Thermal barrier coatings (TBCs) for turbine airfoils in high-performance engines represent an advanced materials technology that has both performance and durability benefits.

Foremost of the TBC benefits is the reduction of heat transferred into air-cooled components. Other potential benefits include increased resistance to hot corrosion and oxidation. In order to achieve these benefits, however, the ceramic coating system must be reliable.

TBCs applied by physical vapor deposition (PVD) processes are currently tailored to achieve superior strain-tolerant microstructures which facilitate reliable operation in aircraft propulsion engines.
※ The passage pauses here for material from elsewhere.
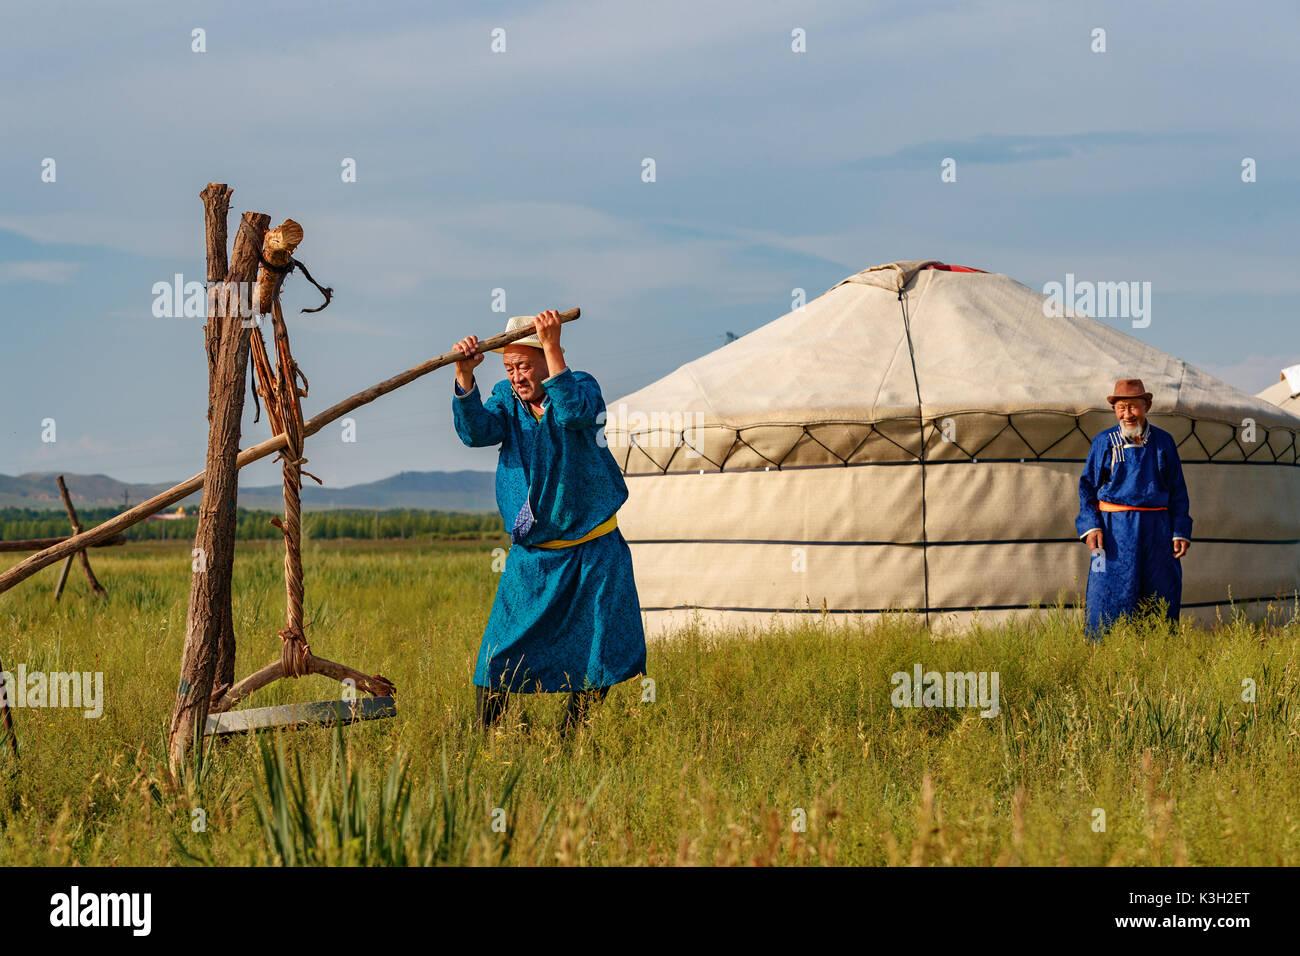 Mongolie intérieure, China-July 26, 2017: vieux vêtements traditionnels hommes mongol le processus de fourrure mouton dans une façon traditionnelle pour plus de travail en cuir. Photo Stock

In particular, the electron beam evaporation/physical vapor deposition (EB/PVD) process can produce ceramic coatings with a highly strain-tolerant columnar microstructure, which is well bonded to the oxidation resistant metallic layer of the system. Intercolumnar gaps between the ceramic grains reduce the effective modulus in the plane of the coating and permit ceramic-metal thermal expansion mismatch and thermal strains to be accomodated without producing large stresses.

Microstructures of EB/PVD coatings are being further modified to density the outer surface of the ceramic coating to achieve improvements in hot corrosion and erosion resistance for industrial-marine and aircraft gas turbine engine applications.

The impact of projected modifications of the PVD process aimed at achieving tailored ceramic coating microstructures is discussed from the perspective of ceramic coating lives achieved in burner rig tests. Predicted ceramic coating lives for specified engine-mission environments are also discussed.